**Task to complete**
After finding "7 Blue Venus" in a line below, print that line and the rest of the lines exactly, leaving out all pictures.

**Collected data**
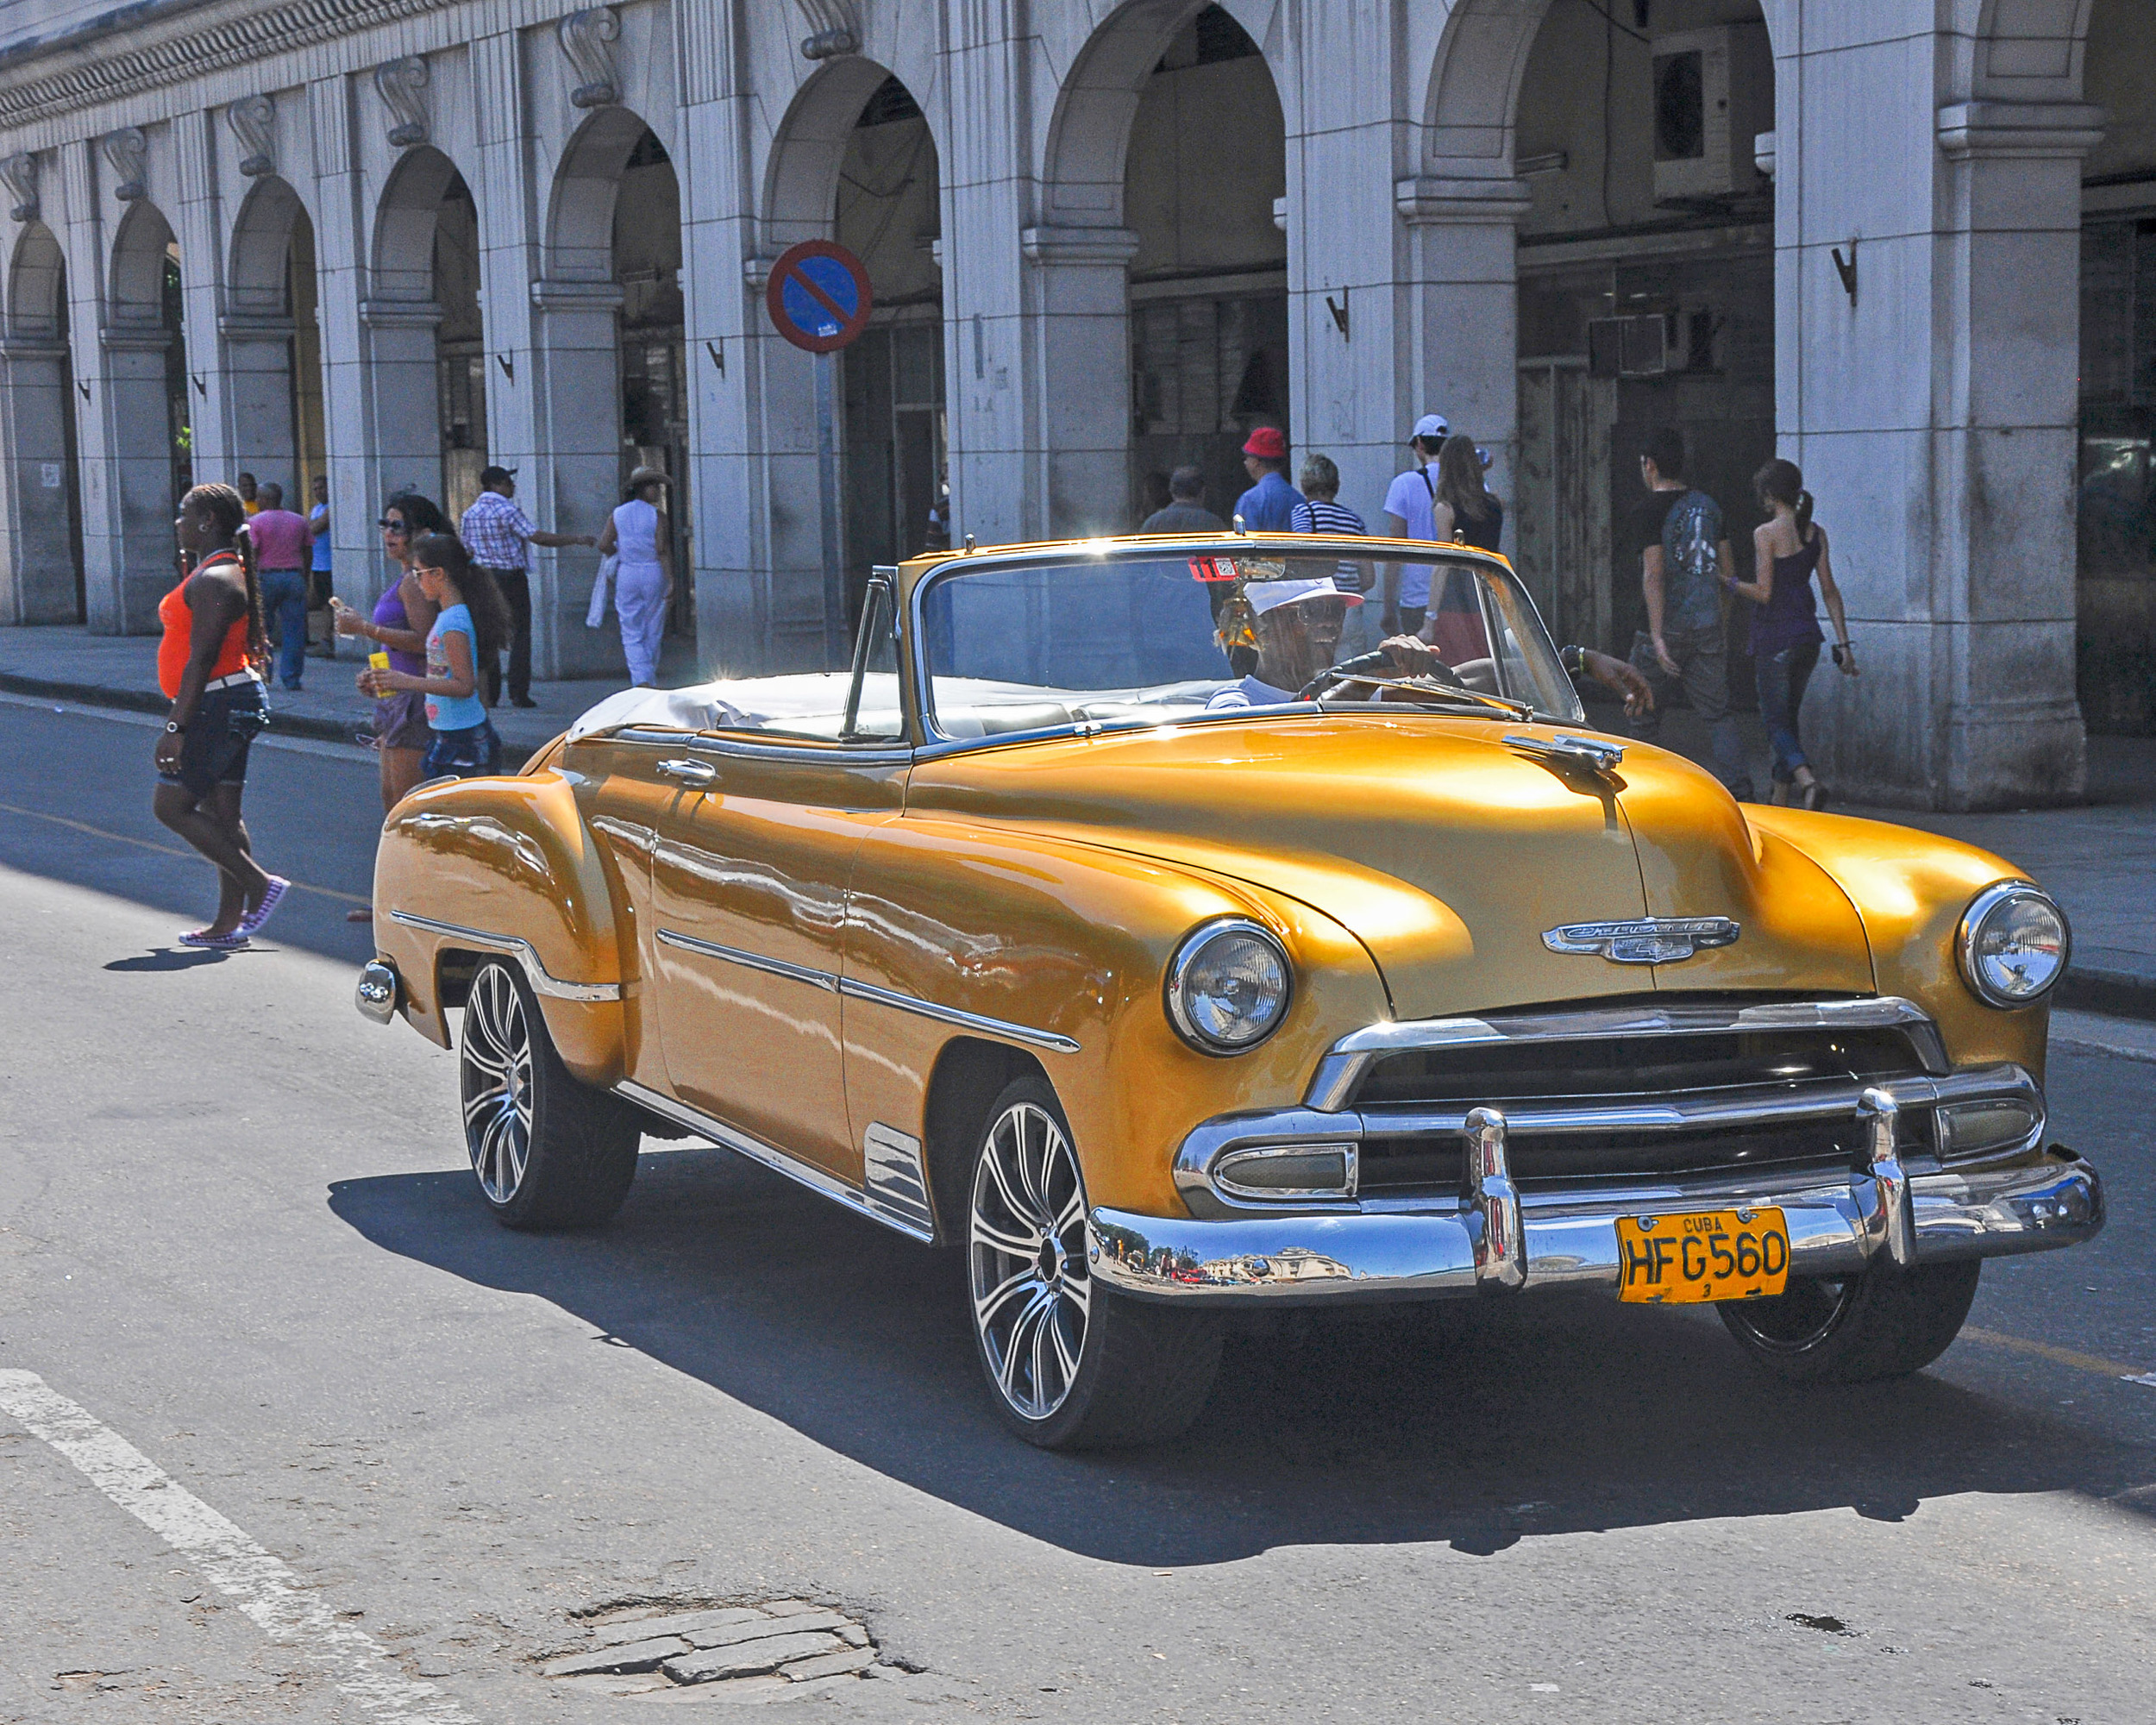 151214 Cuba Car Gold 8x10-2039130602.jpg
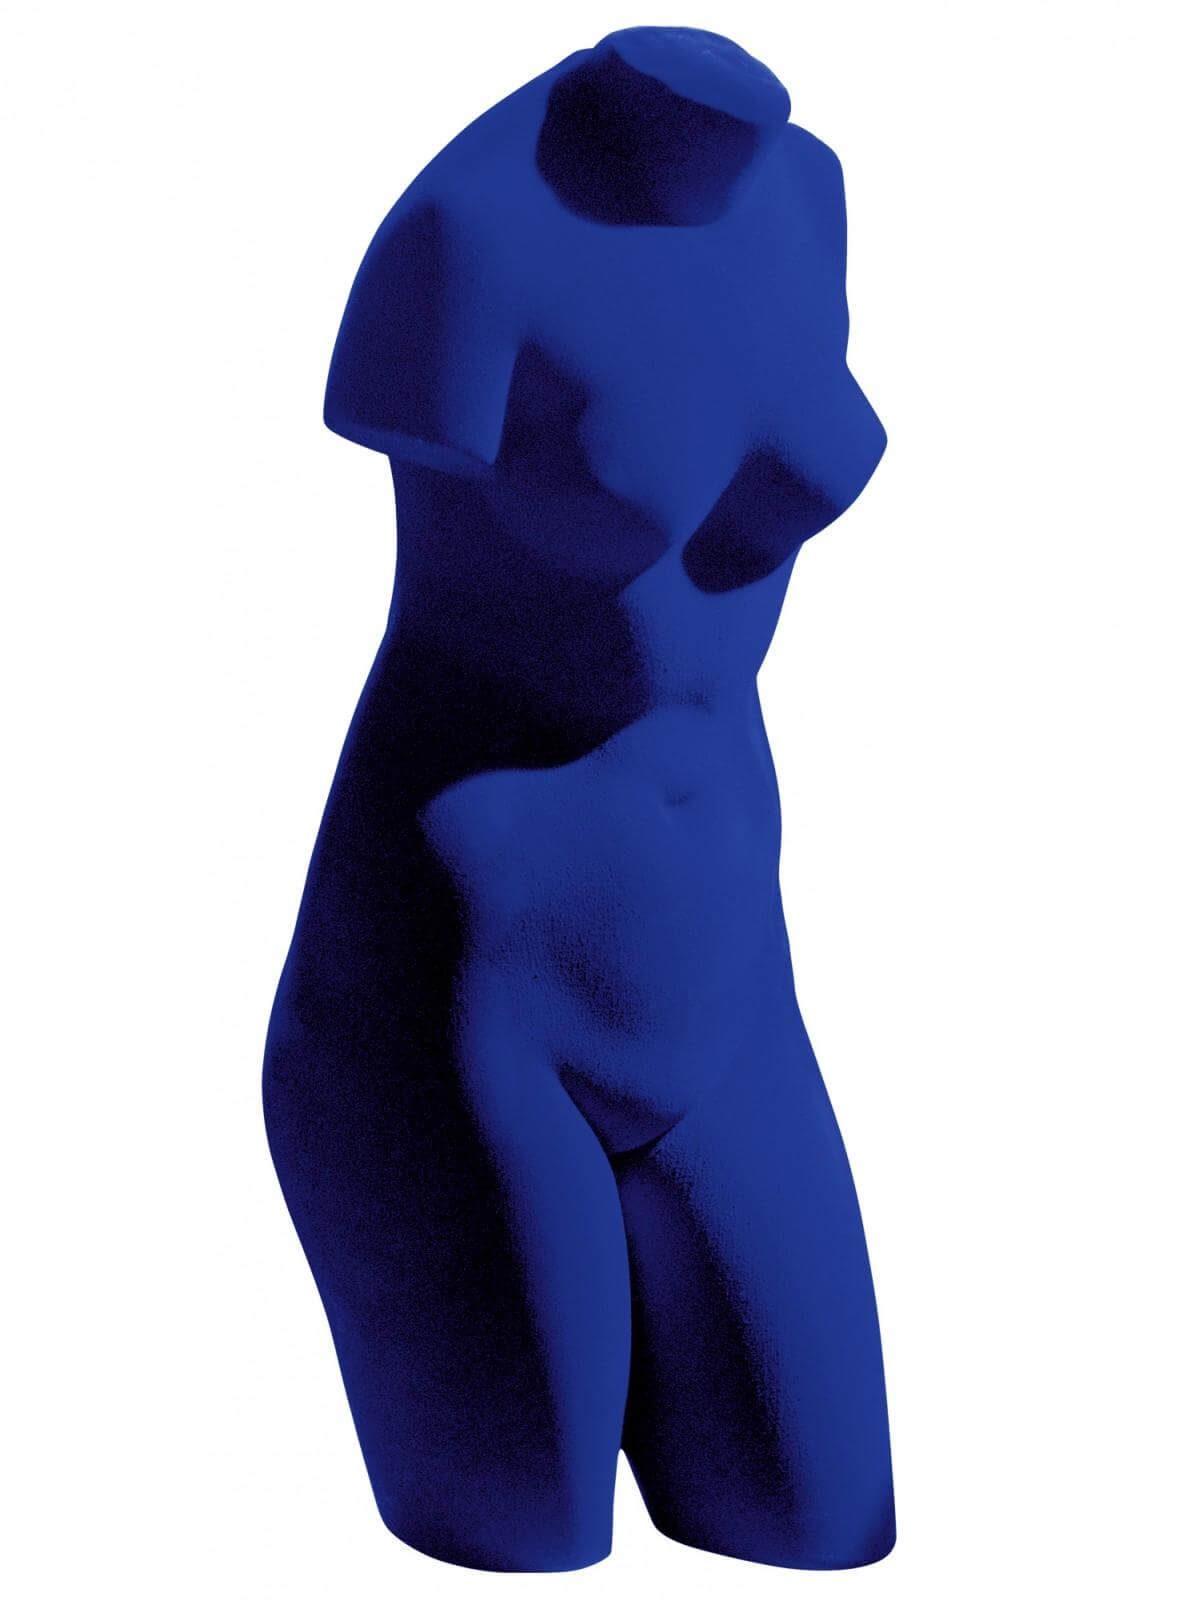 7 Blue Venus (The Venus of Alexandria) (S 41) 1962.jpeg
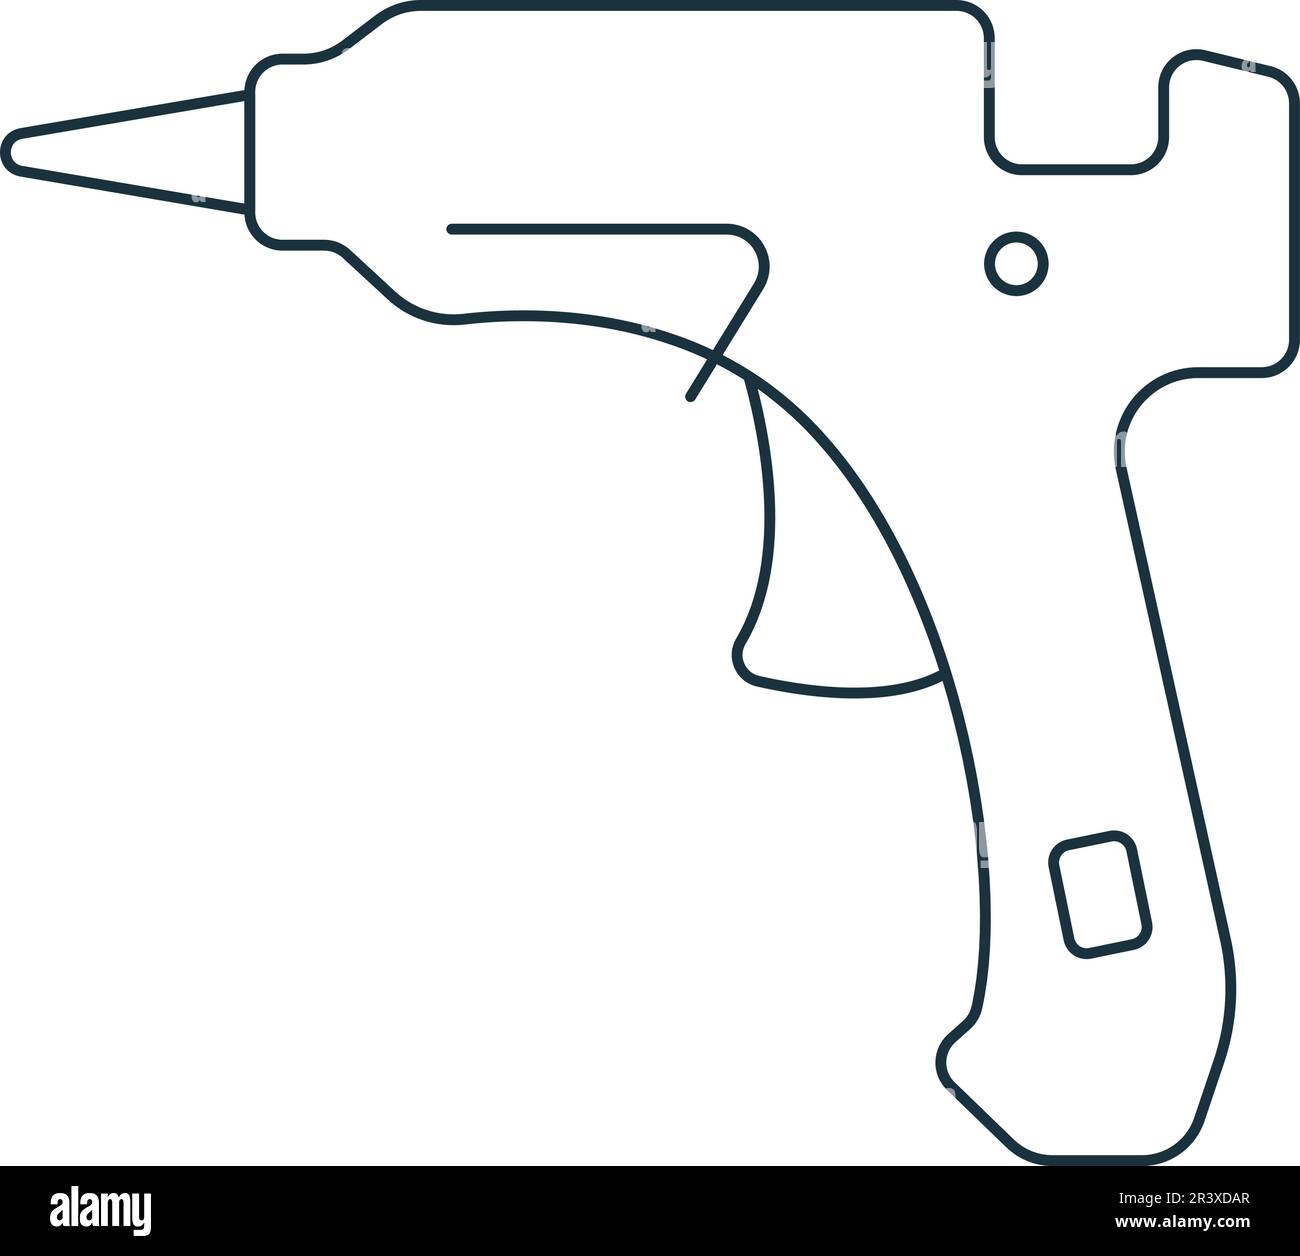 Pistola De Pegamento Industrial Para La Extrusión, Pastas De Silicona.  Ilustraciones svg, vectoriales, clip art vectorizado libre de derechos.  Image 26981207

**Answer section**
 7 Blue Venus (The Venus of Alexandria) (S 41) 1962.jpeg
 Pistola De Pegamento Industrial Para La Extrusión, Pastas De Silicona.  Ilustraciones svg, vectoriales, clip art vectorizado libre de derechos.  Image 26981207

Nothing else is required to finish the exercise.